(DATA PROVIDED):
#####
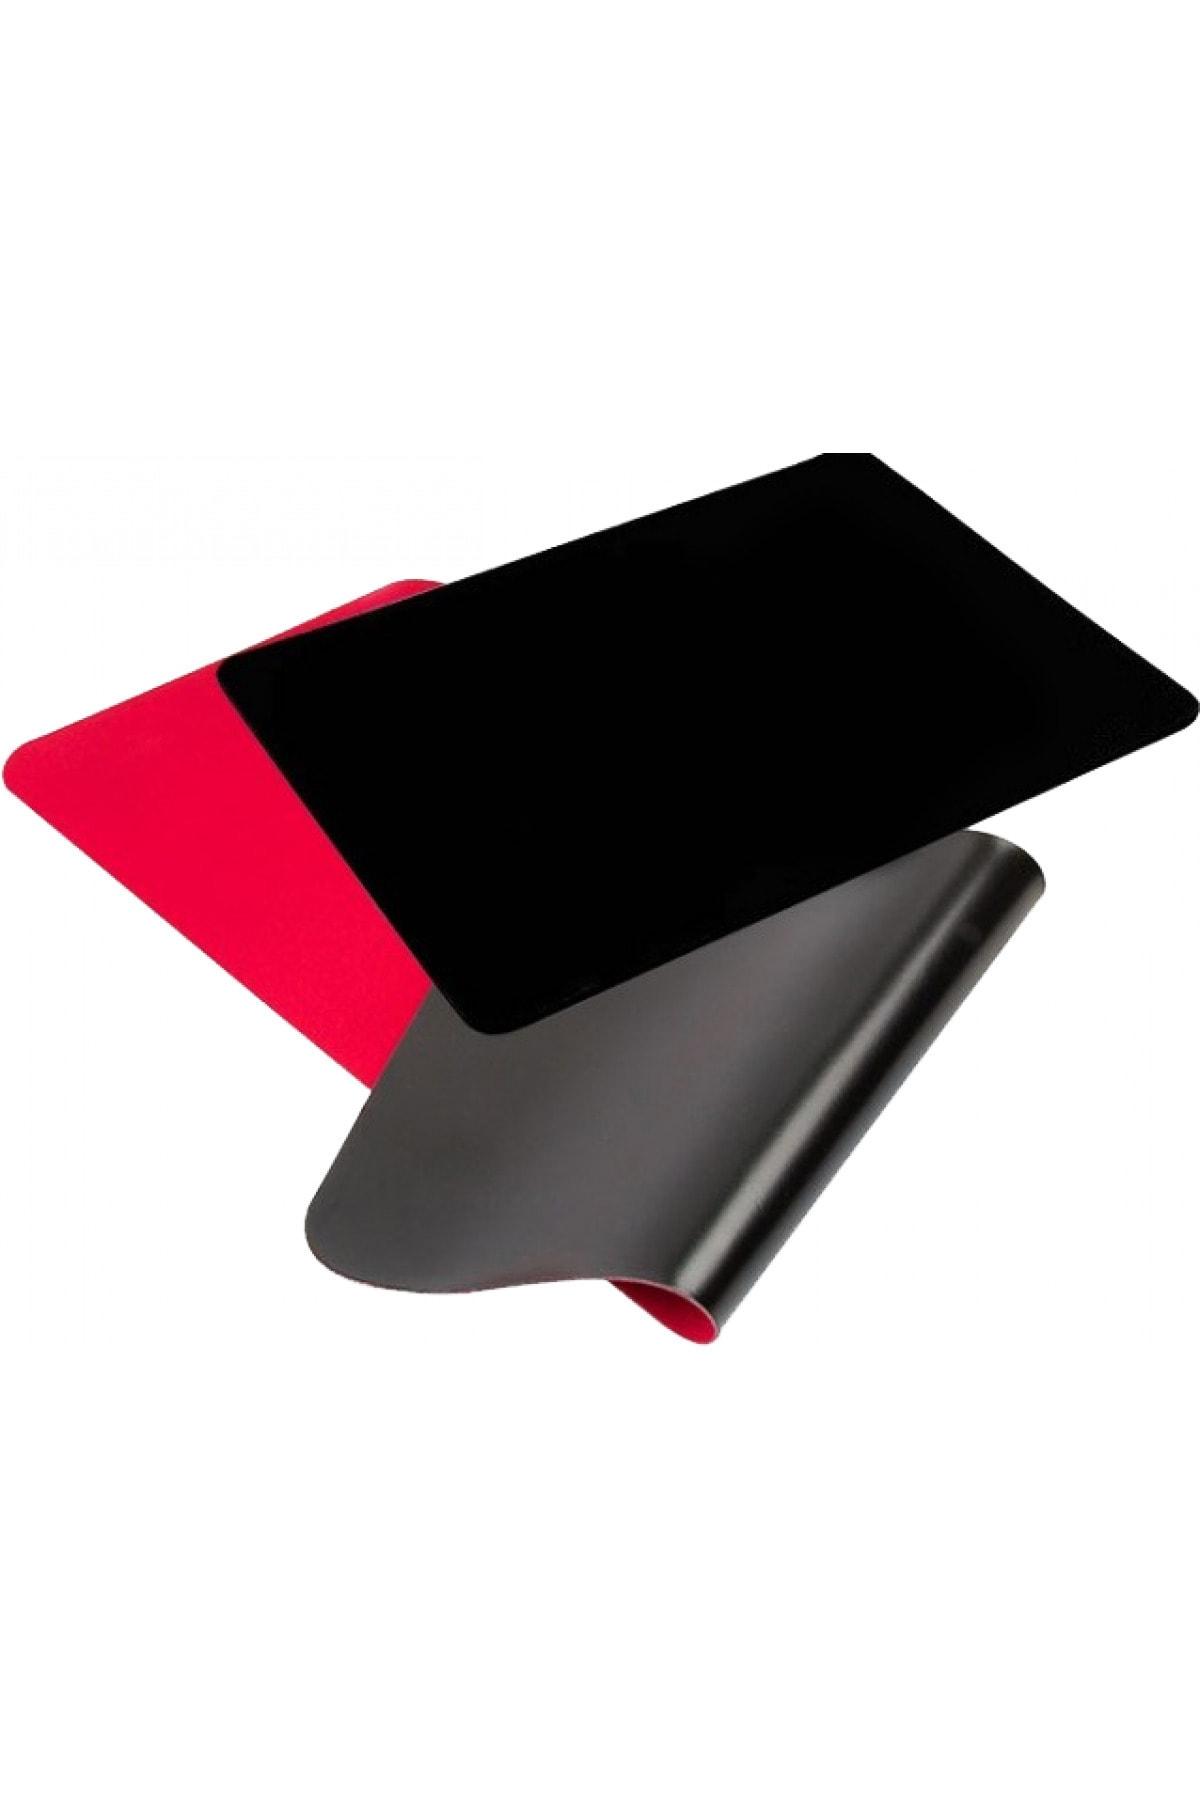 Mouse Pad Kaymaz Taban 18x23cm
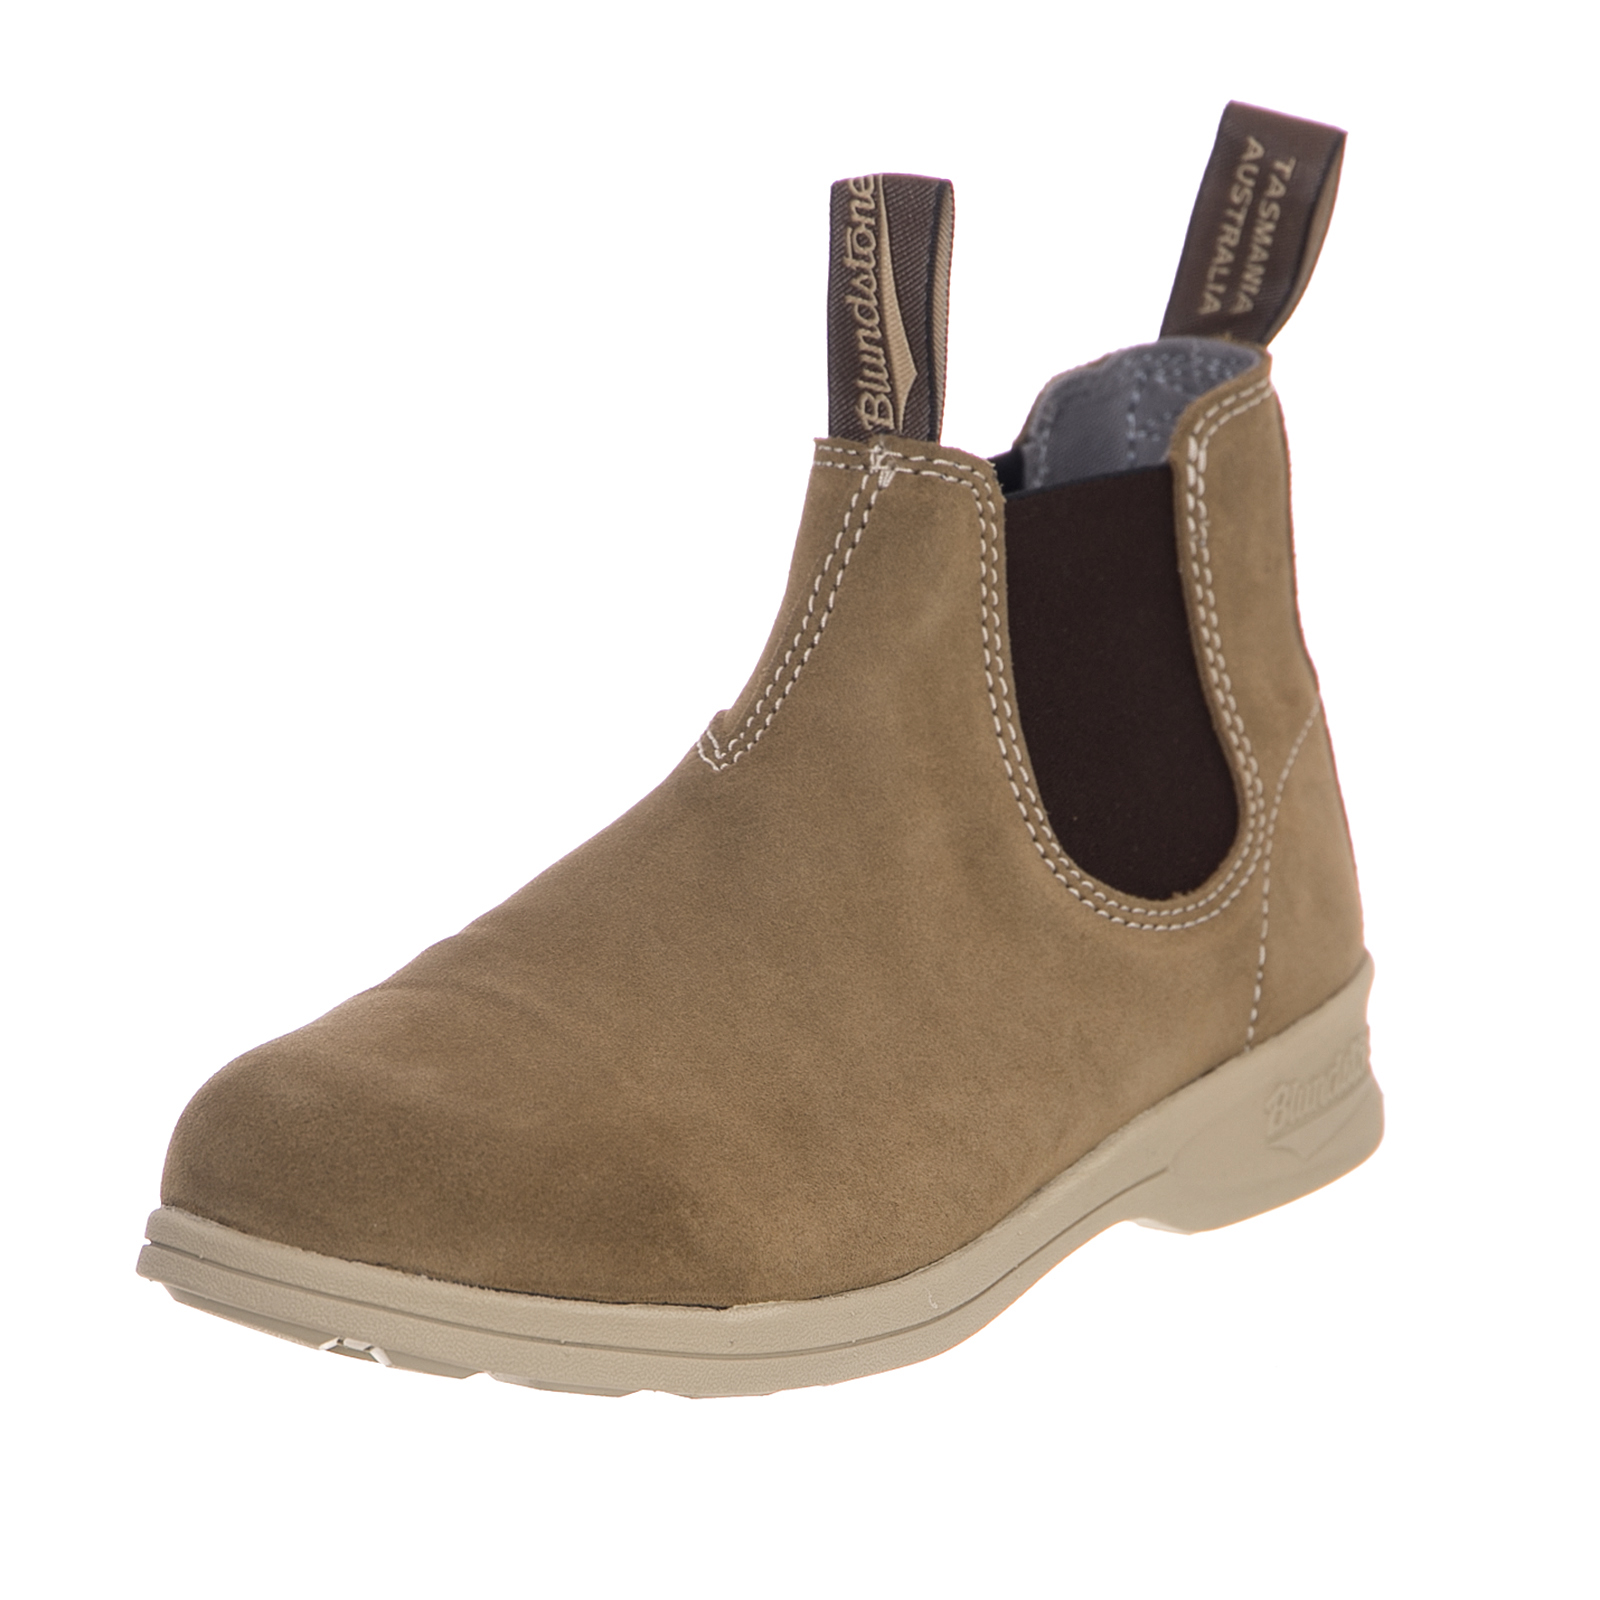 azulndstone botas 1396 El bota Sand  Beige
#####
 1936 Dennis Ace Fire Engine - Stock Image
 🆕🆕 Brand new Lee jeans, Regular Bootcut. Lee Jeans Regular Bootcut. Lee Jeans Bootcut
#####
(AIM OF THE TASK): Leaving every picture aside, reproduce exactly the lines above from the one with "Mouse Pad Kaymaz Taban 18x23cm" up to and including the one with "azulndstone botas 1396", and no others.

(SOLVED EXERCISE):
 Mouse Pad Kaymaz Taban 18x23cm
 azulndstone botas 1396 El bota Sand  Beige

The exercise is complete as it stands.